Noshi felt the light touch of the Diorite’s consciousness retreat and once again she was alone. She took a few moments to put away the thoughts and mediation patterns laid out in her mind. Only when she was conscious and fully aware of her surroundings again did she move toward the door.
Navigation through Diorite structures required her to use the knowledge gained through long hours of intense study. While the Diorites had evolved to utilize a range of sensory organs, Noshi had always been blind and for her, touch, sound, and scent were her primary detectors of the world.
A sense of enhanced probability guided her around a corner. She felt the presence of many Diorites ahead, though they chose not to acknowledge her, for which Noshi was grateful. To exchange with so many would be distracting.

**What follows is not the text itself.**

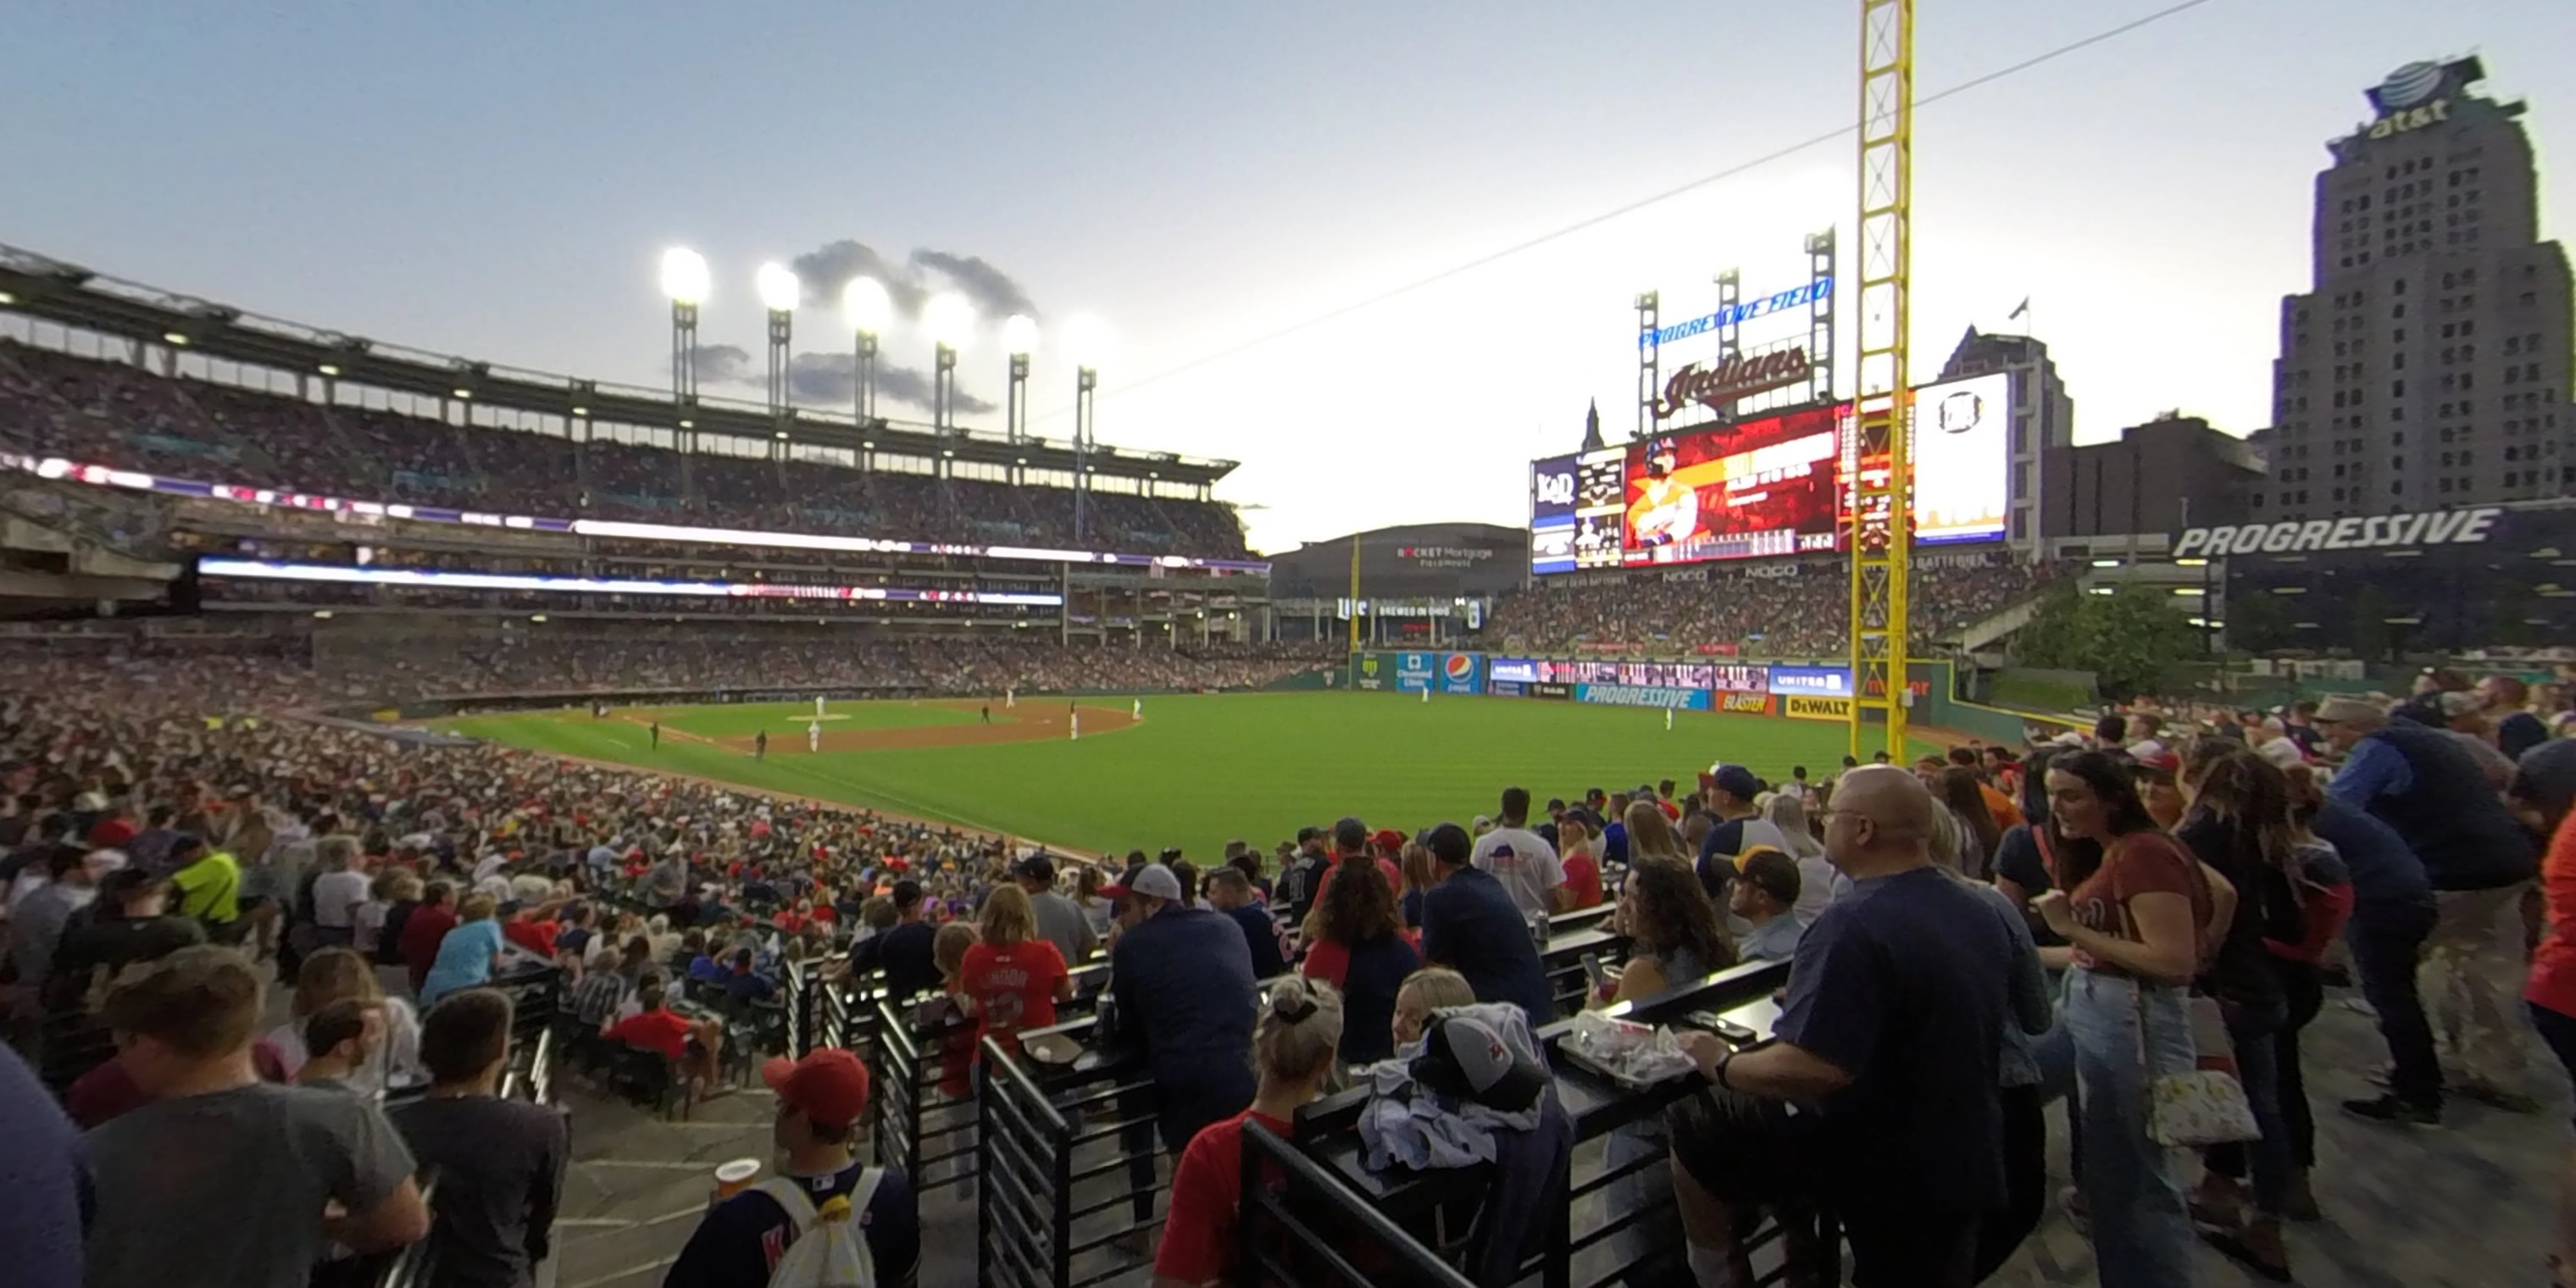 section 117 panoramic seat view  - progressive field

She entered a vast chamber and walked down a row of shuttle vehicles. They were shaped in various sizes, each for a different purpose. She hesitated when the probability seemed strongest.
I am to pilot this vessel.
This is confirmed.
My gratitude.
Noshi ran her hand along the sleek flank of the craft as she walked its length. It felt the size of similar craft she had flown with room for a single pilot and scant space for anything else.
The hatch on the ship opened at her touch and she ducked inside. The vehicle hummed and the automated systems guided her out of the hanger and into a vast emptiness. Patterns swirled in Noshi’s mind; she focused on the references to Erik.
Pizak could give her no directive. He had provided her with the data and training to interpret the inherent probabilities across a universe of potential futures.
Noshi often questioned if her actions were her own, or were the probabilities were pre-determined? Pizak had no answer, guiding her to focus on the interplay of Ka’tharsis and the endless kaleidoscope of probability.